To fund retirement, the challenge isn’t just to accumulate assets but to create a path to decumulate them.Getty Images
Many do-it-yourself (DIY) investors have managed to amass a nest egg to fund what they hope will be a comfortable retirement. Now comes the hard part: turning what you’ve saved while working – your accumulation years – into a reliable and tax-efficient income stream that lasts as long as you do.
That can be complicated, says Thuy Lam, certified financial planner at Objective Financial Partners in Markham, Ont. “The challenging part for do-it-yourselfers is how they build that retirement paycheque.”

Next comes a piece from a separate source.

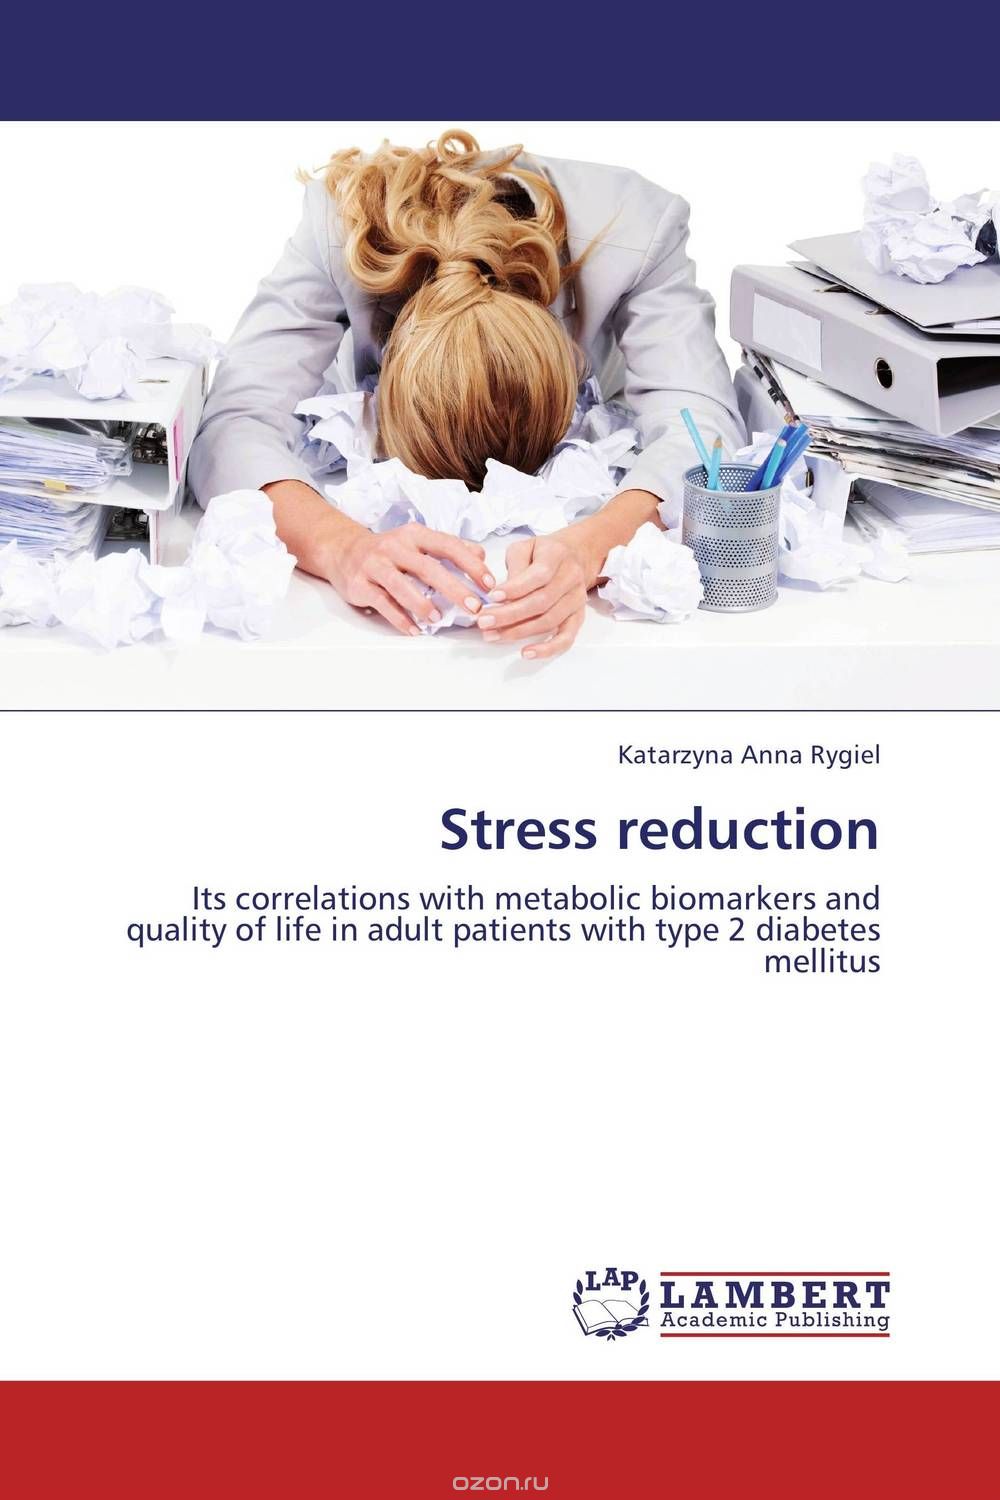 Скачать книгу "Stress reduction"

Welcome to the decumulation phase, the post-retirement years when you need to unwind assets to create a paycheque. This is a time when it’s harder to recover from mistakes or setbacks, many decisions loom, and smart strategies are critical.
While many Canadians are comfortable making investment decisions, Ms. Lam says planning retirement income can be overwhelming. “People aren’t sure how much, when and how to draw from their investments,” she says.
Doing this prudently also involves decisions about when to start government benefits and, for some people, a workplace pension.
If you’re going it alone, Ms. Lam suggests starting by carefully tracking expenditures before retiring. This provides a baseline of spending habits that you can then project into retirement, adjusting for decreases in costs such as commuting to work, and increases for more frequent vacations.
“Determine what assets are available to you, and potentially when,” says Mark Seed, a semi-retired DIY investor in Ottawa, who blogs about his journey at My Own Advisor.
He notes that a major consideration is deciding when to draw on Canada Pension Plan (CPP) benefits and Old Age Security (OAS). Many retirees increasingly opt to defer them in order to receive larger benefits from both, ensuring more guaranteed income later in life.
Retirees can bridge any gaps by relying more on their Registered Retirement Savings Plans (RRSPs) and Registered Retirement Income Funds (RRIFs) to cover fixed costs and predictable variable expenses.
Registered accounts are fully taxable, which can lead to tax problems down the road in retirement when mandatory RRIF withdrawals increase. Strategic withdrawals from RRSPs and RRIFs earlier can make sense. “This helps reduce your tax-deferred liability,” Mr. Seed says.
Ms. Lam suggests building a retirement income plan based on three buckets. The base income bucket comprises guaranteed income such as CPP, defined benefit workplace pensions, and OAS.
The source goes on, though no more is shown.